On Friday, the Pakistan Economy Watch (PEW) said the IMF has always ruined poor countries through its impossible conditionalities. Developing countries should make vigorous efforts to create an Asian Monetary Fund as an alternative to get out of the clutches of the IMF, it said. African countries should also try to create their monetary fund to tackle problems, said Saifuddin Sheikh, executive director of PEW

In a statement issued here today, he said that Japan proposed the Asian Monetary Fund during the 1997 crisis. Still, it could not be implemented due to the opposition of the United States and China’s reluctance, but the situation has changed.
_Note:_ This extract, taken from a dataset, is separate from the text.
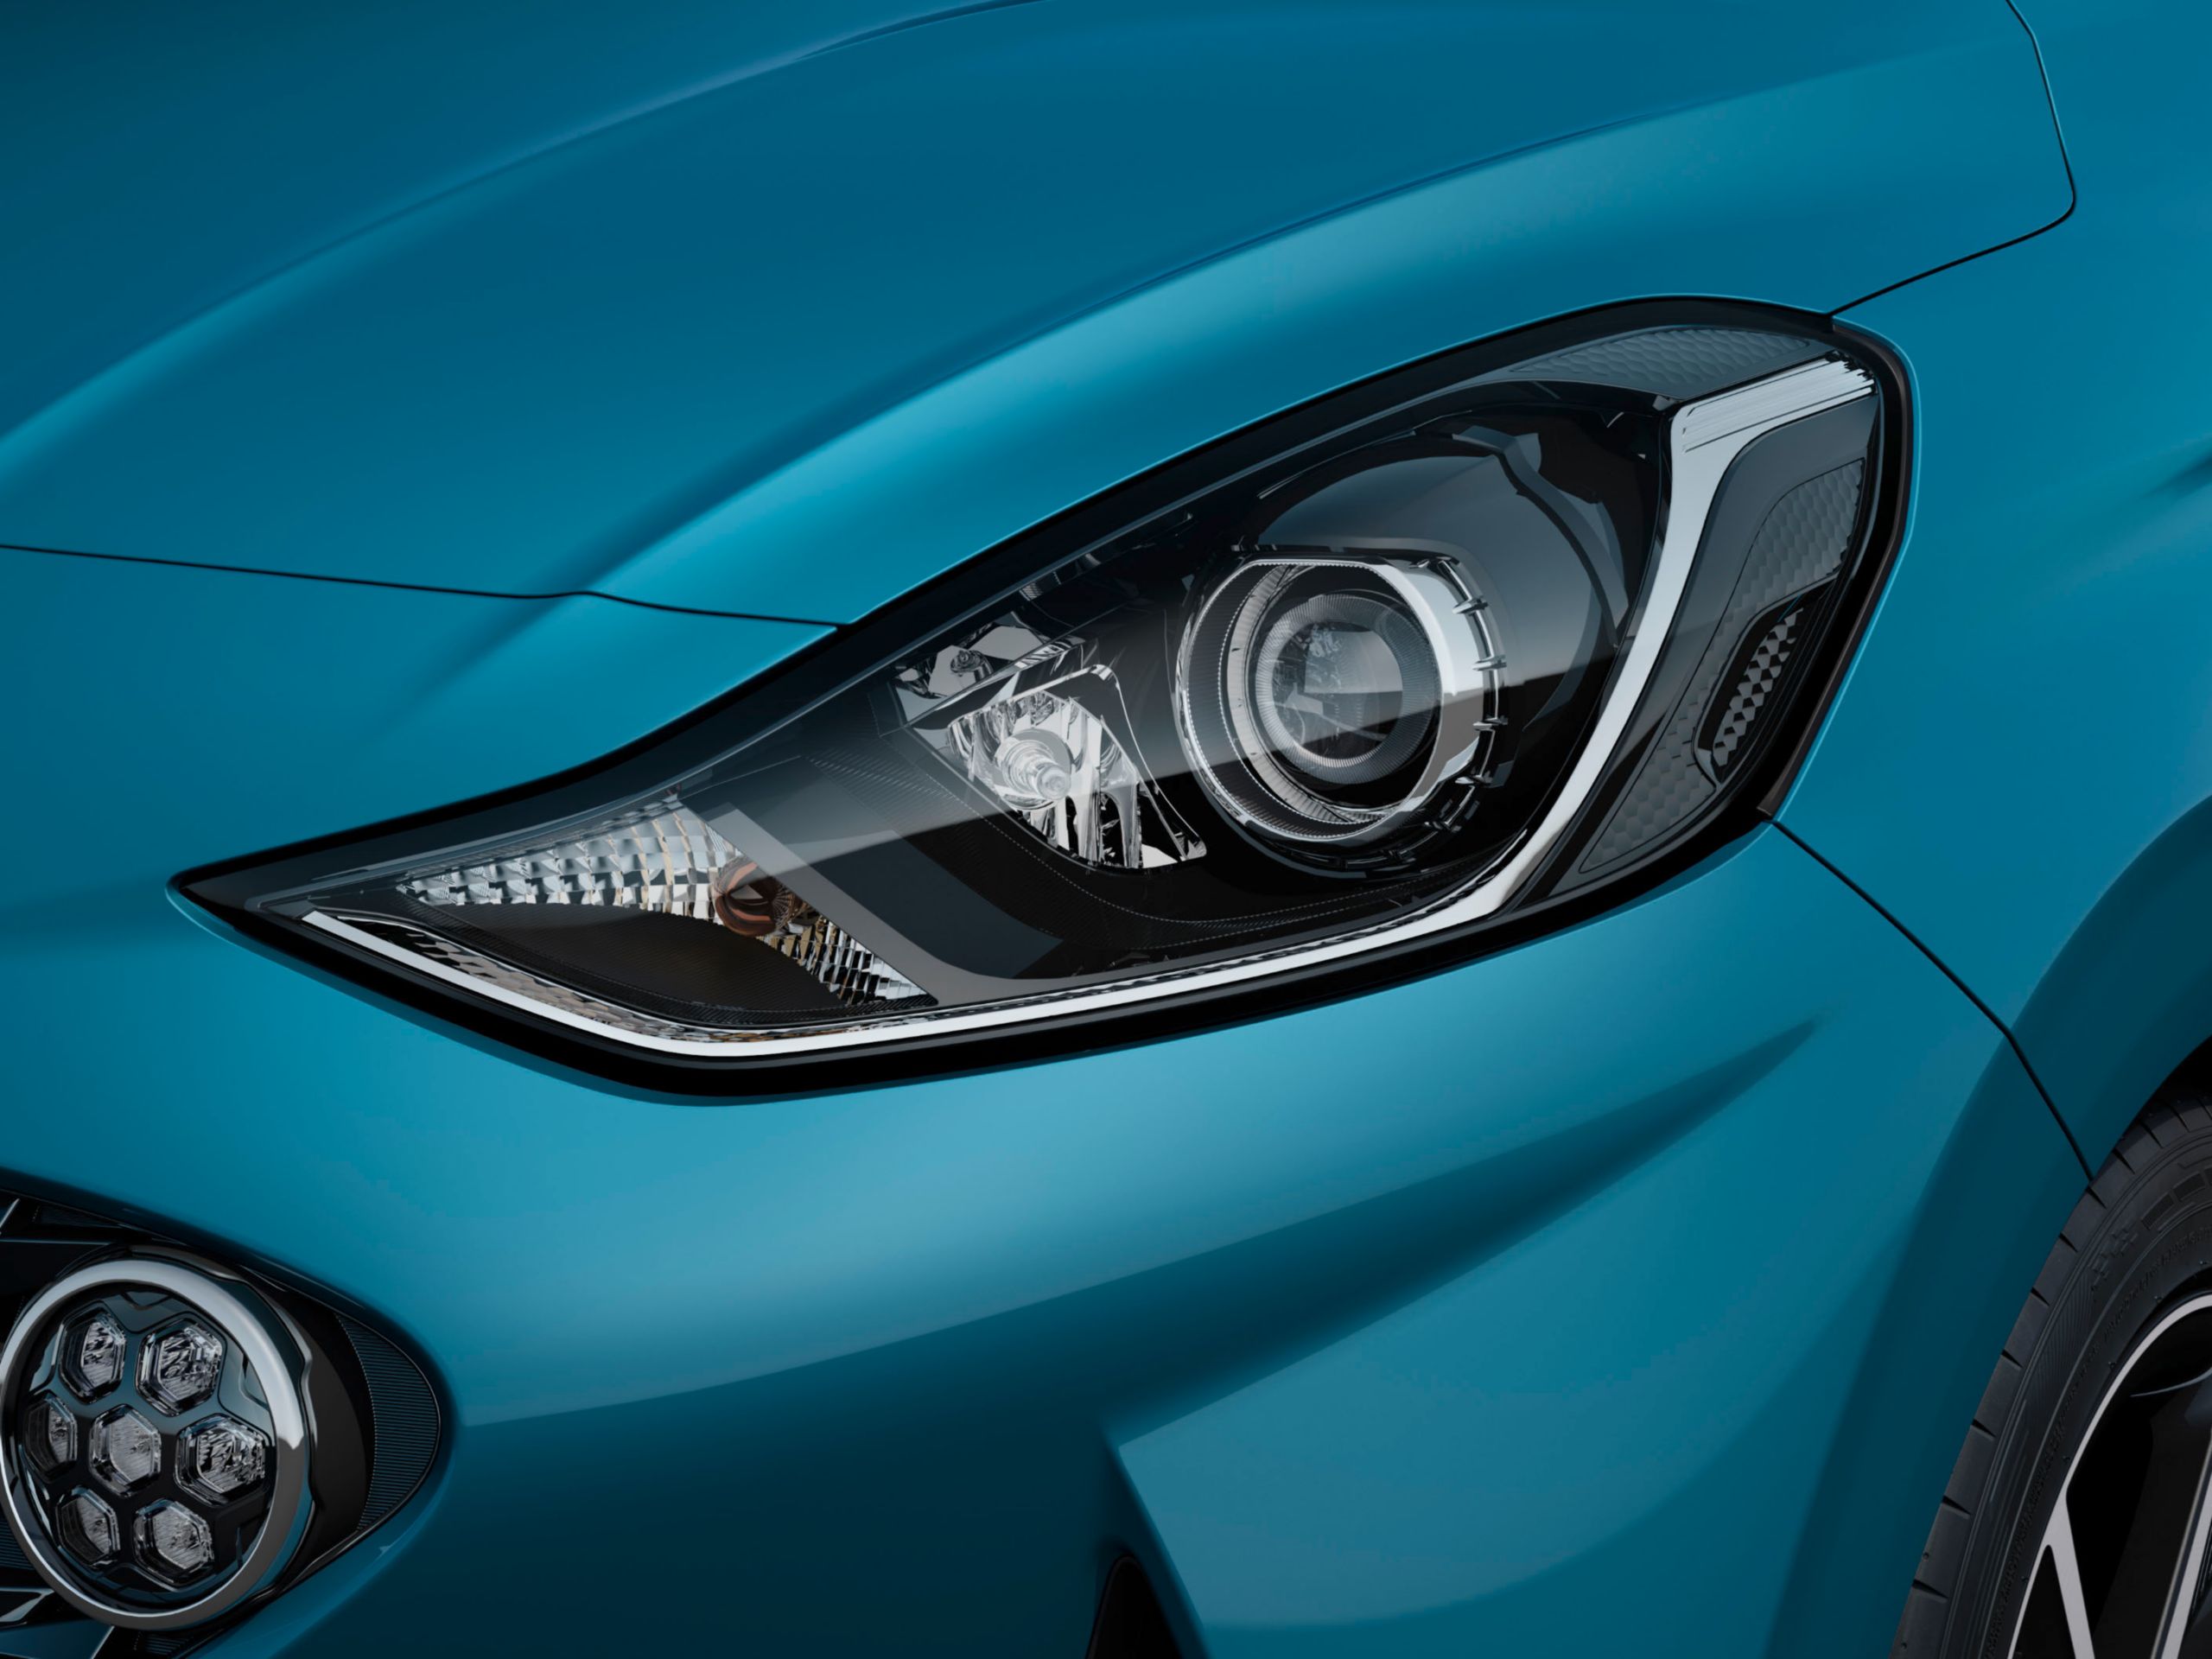 A close up look at the Hyundai i10's Bi-function projection headlamps and LED Daytime Running Lights.

He said the Chinese economy has become much more stable than in 1997, so it can catch up with the US.

Like the IMF, the US dollar has always been used as a weapon; therefore, he added that many countries are reducing their dependence on the dollar.
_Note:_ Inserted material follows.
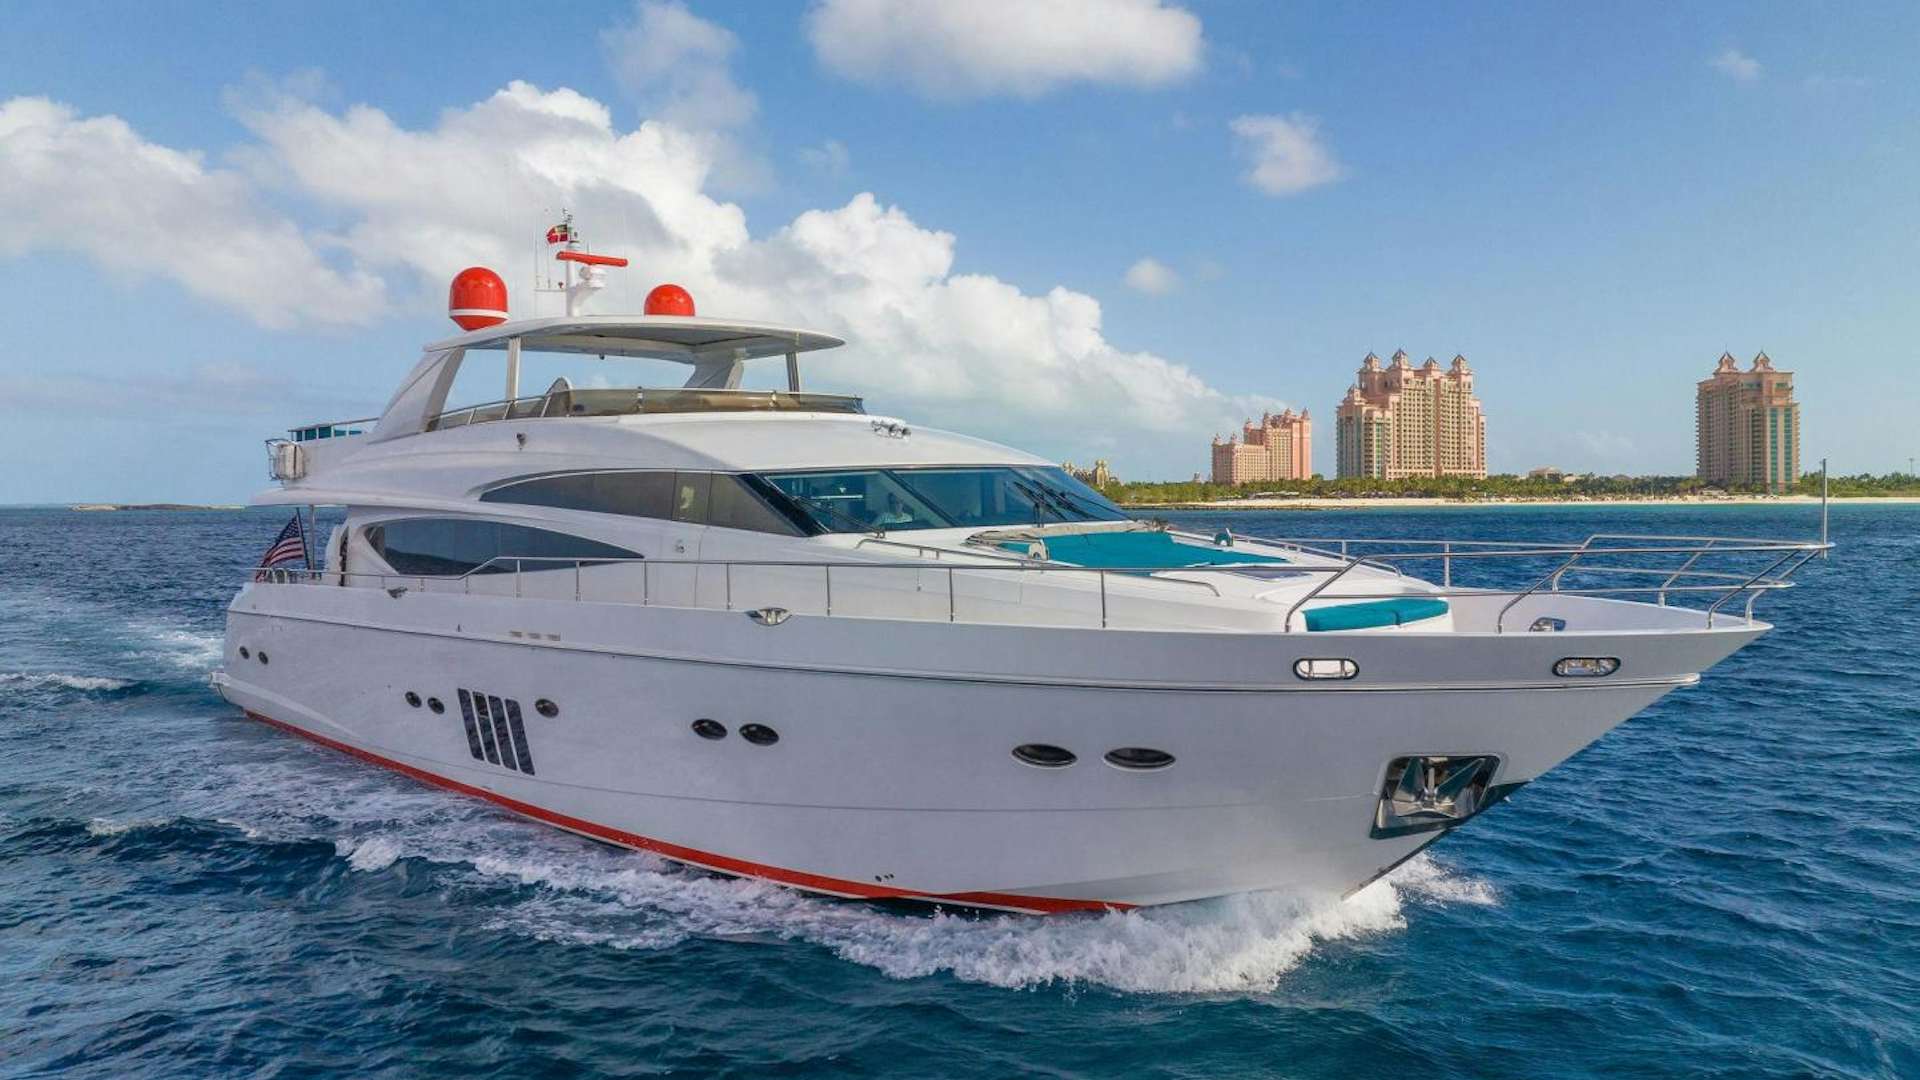 21 sea sands
Yacht for Sale

Saifuddin Sheikh said many countries are conducting international trade in their currencies, while many are leaning towards the Chinese currency.

He informed that Brazil and Malaysia have decided to trade in Yuan instead of dollars, which is a big step towards ending the dollar monopoly.

Earlier, Saudi Arabia had decided to sell oil to China in Yuan, which was a big blow to the dollar.

He added that after the global sanctions on Russia, it started preferring the Chinese currency, and now Russia trades mostly in it. At the moment, sixty percent of the assets of the Russian Wealth Fund consist of the Chinese Yuan.

Indonesia, Vietnam, and Cambodia are also getting rid of the dollar. Meanwhile, BRICS countries are deciding to create their currency, while Saudi Arabia is joining the Shanghai Cooperation Organization, which has worried the United States.

Currently, 61 Countries, including Pakistan, are suffering from financial difficulties, from which many may go bankrupt if their debts of at least five hundred and twenty billion dollars are not waived, he warned.